Closed legrego closed 5 years ago
In general I'm :+1: on this as 30gb usually is a good size for a shard with this type of data. I'm wondering though how long it will take to reach 30gb. If it takes a year, then it might make things more complicated, i.e. if a mapping change is necessary
That's a good point...I imagine it would take quite some time to hit the 30gb mark, for most installations. For my own indices, I'm seeing ~150mb per 1 million documents
pinging @dsztykman, since you had the original suggestion for 30gb. Do you have any thoughts on this?

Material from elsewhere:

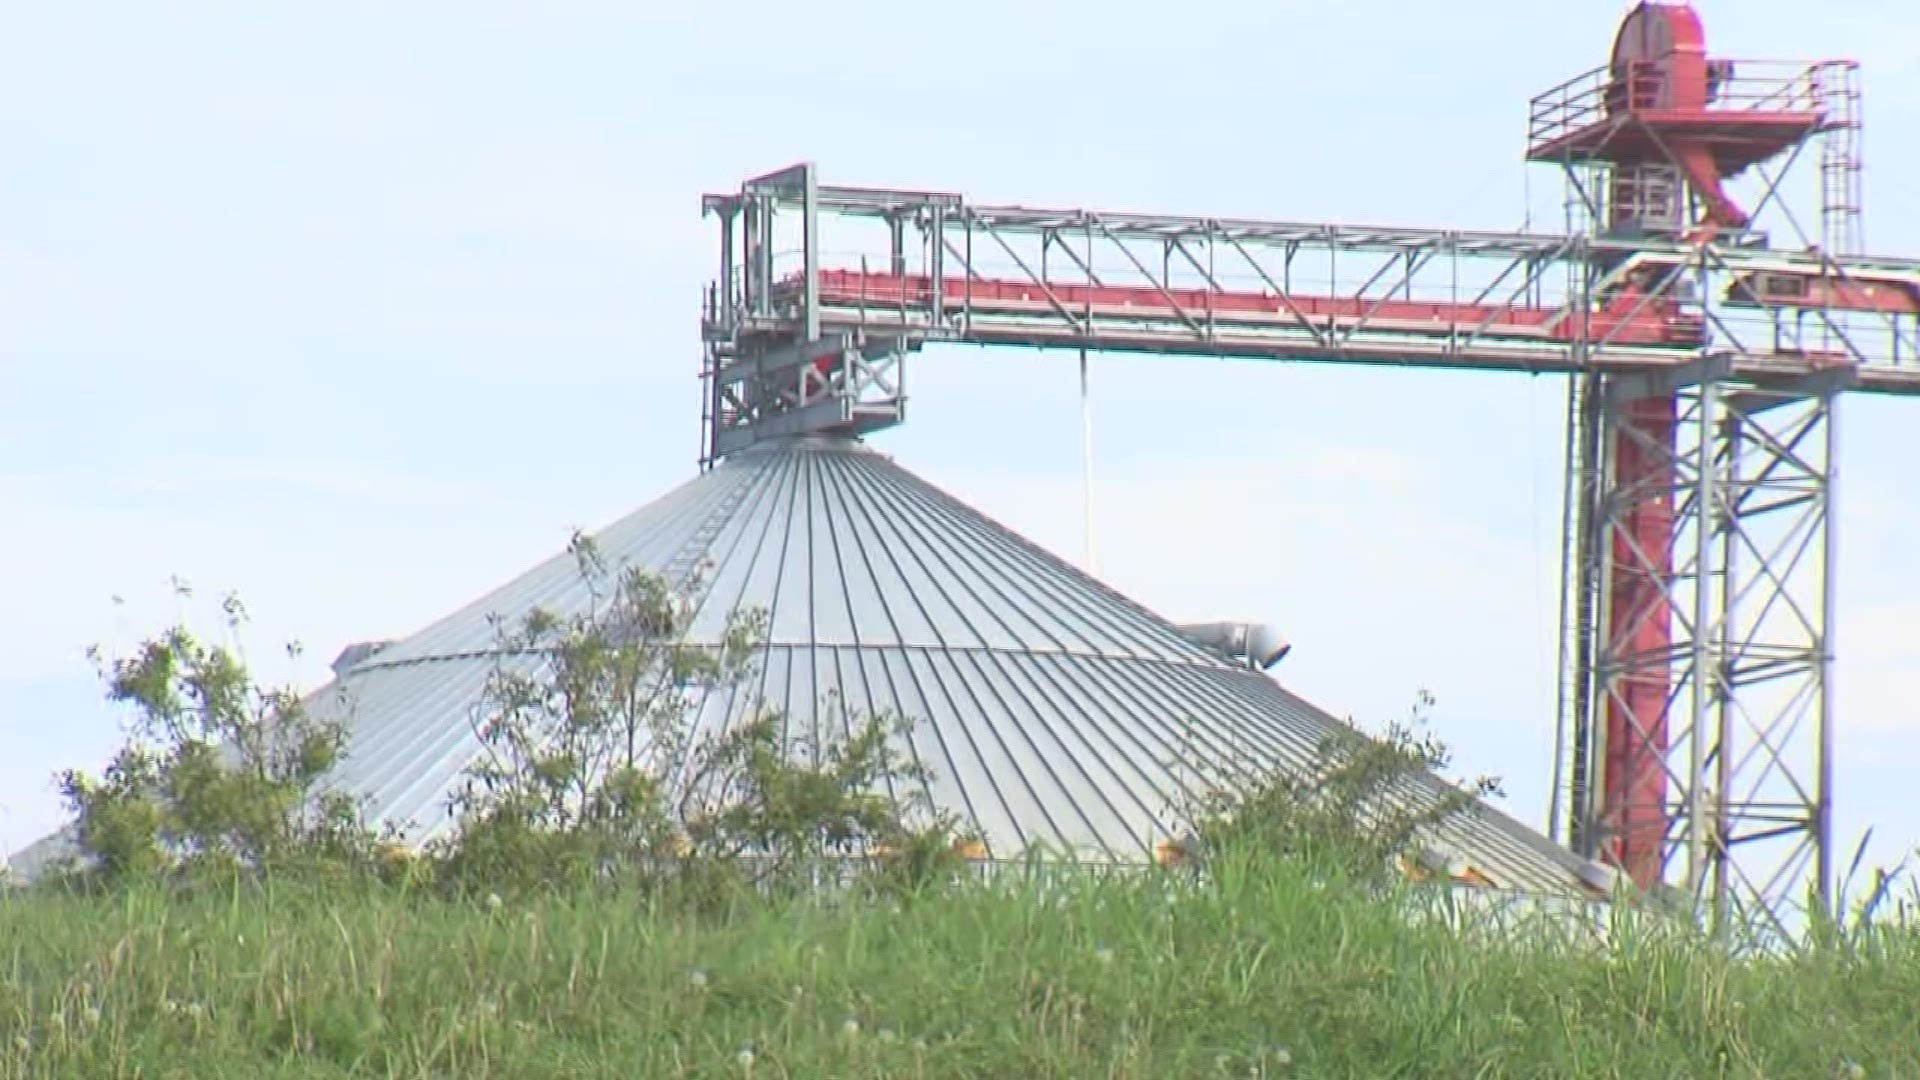 The city of Port Arthur is now planning to take legal action against the company responsible for those smoldering silos some say is causing health problems. 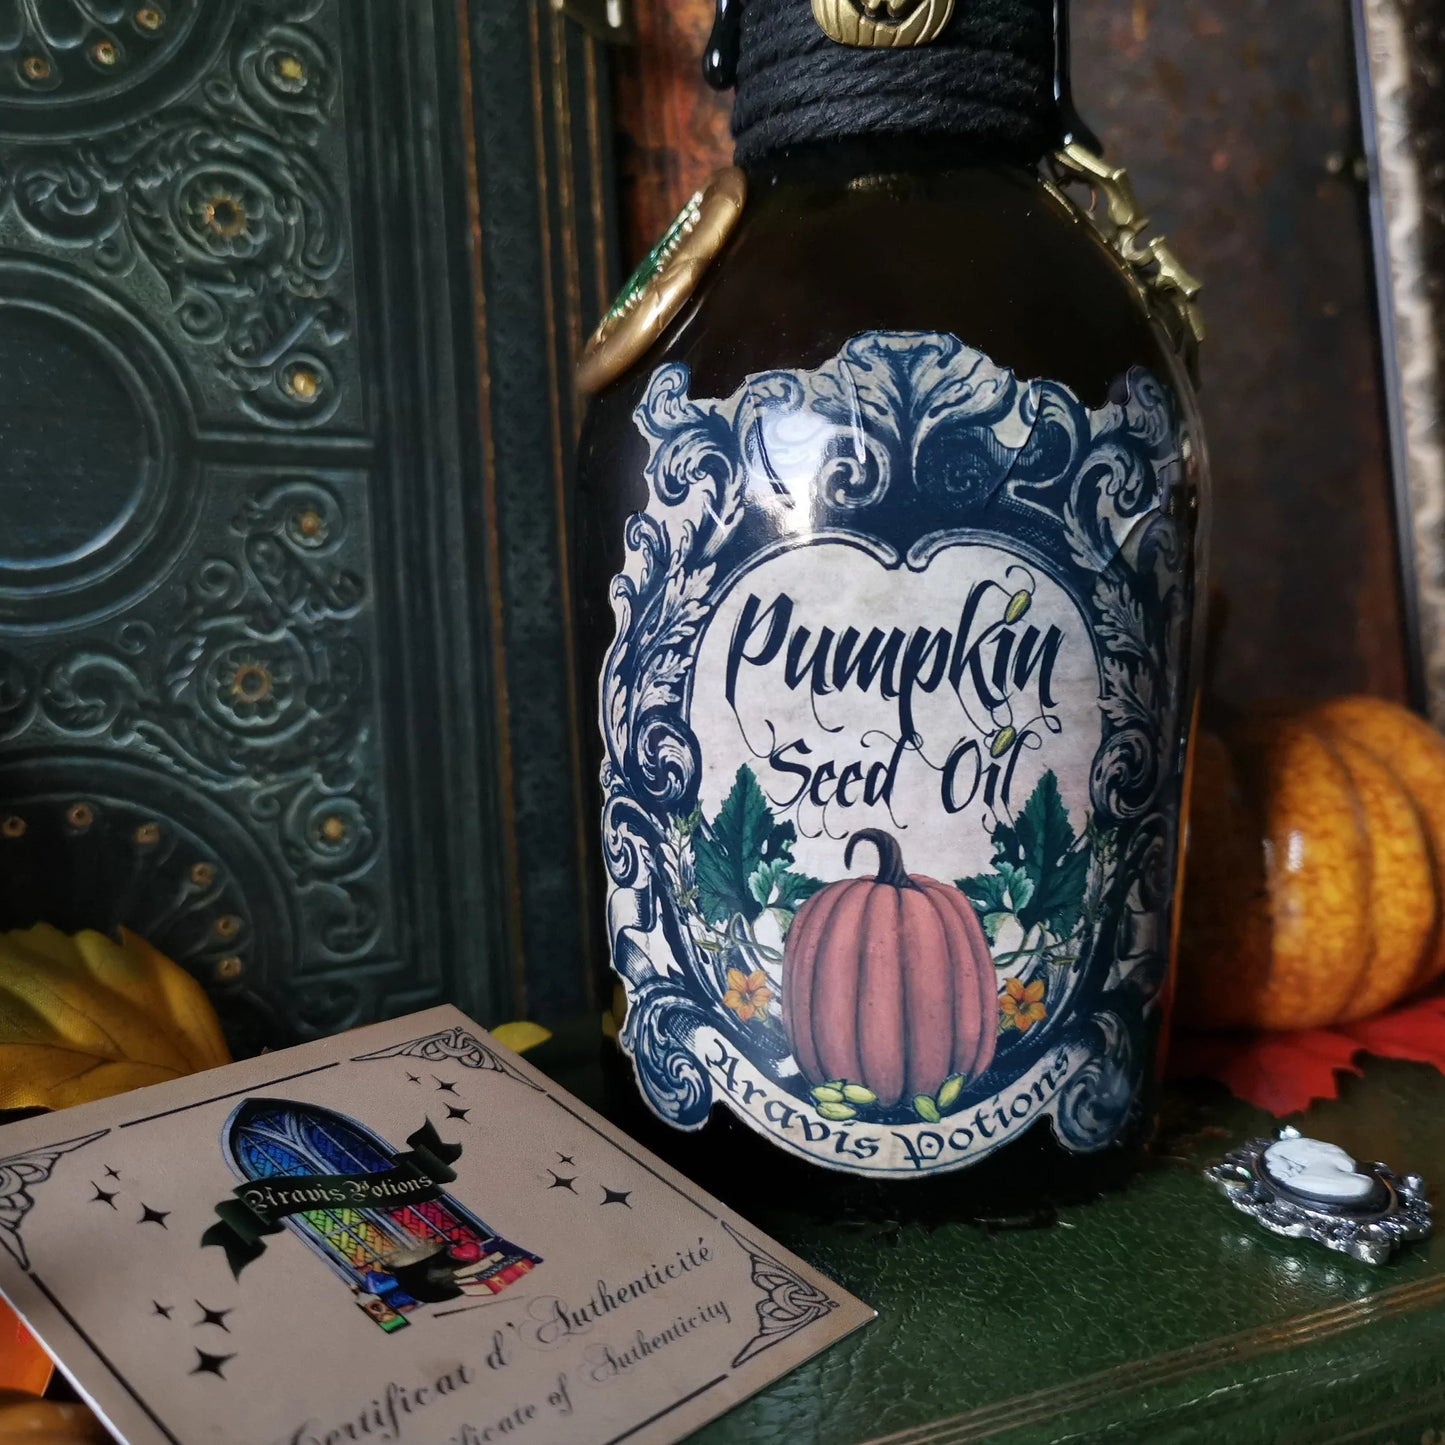 Pumpkin Seed Oil Aravis Potions Apothecary Harry Potter

Agreed it's a bit of an issue, we should maybe think of a new indices names with versioning included like hass-events-v1-XXX
and then whenever we change the mapping we create a new version and with aliases we can manage this way.
Otherwise we're going to end up with too many shards and too little data and the performance is going to suffer in the long term.
The question is how do we detect a change in mapping from home assistant directly?
Like adding a new device ?
I like the idea of versioning the index names.
The question is how do we detect a change in mapping from home assistant directly? Like adding a new device ?
My goal for the index mapping is to be device agnostic. It shouldn't care which devices are registered, or how many devices exist. I think the only times the mapping should change are:
1) Defects in the mapping. I've encountered this as more people use the plugin with various configurations. See also #32 2) ES version compatability: if supporting the next major version requires changes to the mapping 3) Enhancement requests
So essentially, I only expect the mapping to change if this plugin requires it, or if Elasticsearch requires it. The individual installations shouldn't have any bearing on the mapping, so we should only have to bump the version as a result of a changes to this plugin.
Make sense so essentially change the version and the mapping when we receive an error from ES
A bit off-topic for this PR, but if you're interested in seeing/reviewing the versioning idea, I have a PR up for #32 which incorporates this: https://github.com/legrego/homeassistant-elasticsearch/pull/40
The current defaults for index rollovers are too aggressive. This results in indices that are too small. The default
rollover_size
should be set to30gb
, and bothrollover_age
androllover_docs
should be initially unset.